Multiple heterostructures, rich oxygen vacancies and expansion counteraction effect co-boosted VO₂/V₂O₃/V₆O₁₃@nitrogen-doped carbon nanosheets as a high-performance cathode for aqueous zinc-ion batteries

In this study, a novel cathode material comprising VO₂/V₂O₃/V₆O₁₃@nitrogen-doped carbon nanosheets (denoted as VO2/V2O3/V6O13@N-C) with abundant oxygen vacancies was synthesised for aqueous zinc-ion batteries (AZIBs). The synthesis was achieved via a self-sacrificial route utilising an organic-inorganic hybrid layered vanadate precursor, [(CH₃)₂NH₂]V₃O₇. The presence of oxygen vacancies and multiple heterostructures within the cathode facilitates the diffusion of Zn²⁺ ions and provides additional active sites for electrochemical reactions. Furthermore, the nanosheet morphology and the nitrogen-doped carbon coating synergistically enhance the electronic conductivity of the cathode.
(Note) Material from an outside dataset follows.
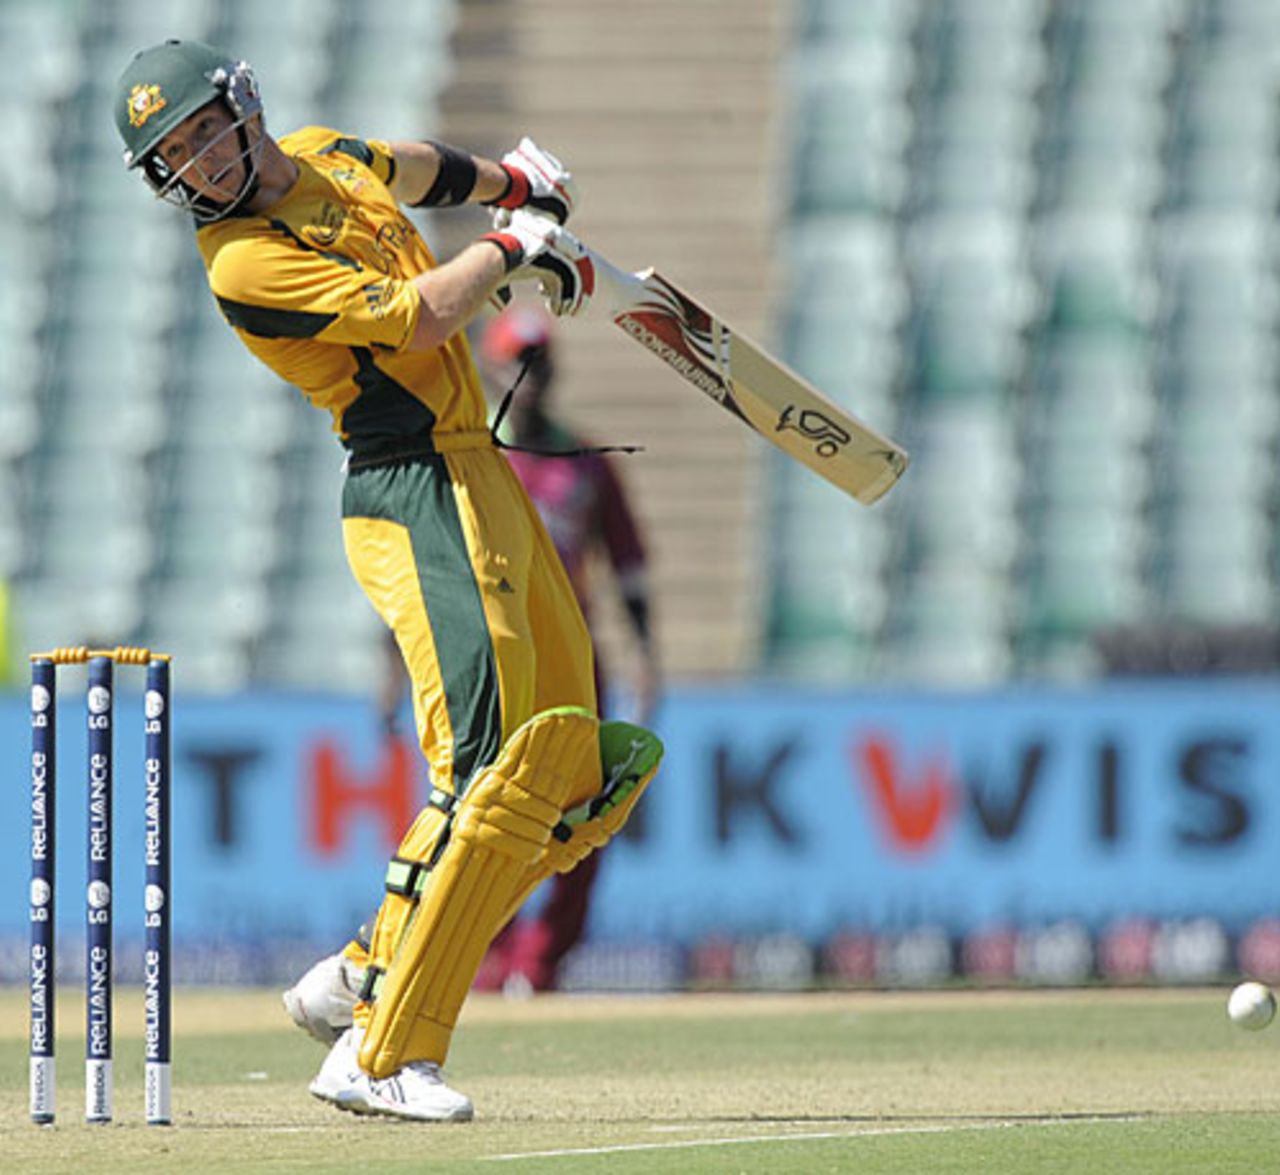 Tim Paine tries to avoid a rising ball, Australia v West Indies, ICC Champions Trophy, Group A, Johannesburg, September 26, 2009

Notably, during the charging and discharging processes, an opposing lattice expansion phenomenon (i.e., positive versus negative expansion) occurs between the VO₂/V₂O₃ and V₆O₁₃ phases, leading to an “expansion counteraction” effect that effectively mitigates volumetric changes in the VO2/V2O3/V6O13@N-C cathode. Consequently, the VO2/V2O3/V6O13@N-C cathode exhibits outstanding rate performance and cycling stability. Specifically, the discharge capacity reaches 290.1 mA h g⁻¹, with a remarkable capacity retention rate of 95.6% after 250 cycles at a current density of 0.2 A g⁻¹. Furthermore, at a high current density of 5 A g⁻¹, the cathode achieves a maximum discharge capacity of 198.2 mA h g⁻¹ and retains 86.5% of maximum capacity after 2000 cycles. This study not only proves that calcination of organic-inorganic hybrid layered vanadate is a promising approach for synthesizing high-performance vanadium oxide cathodes, but also presents the “expansion counteraction” strategy to tackle the issue of volume changes for vanadium oxide cathodes.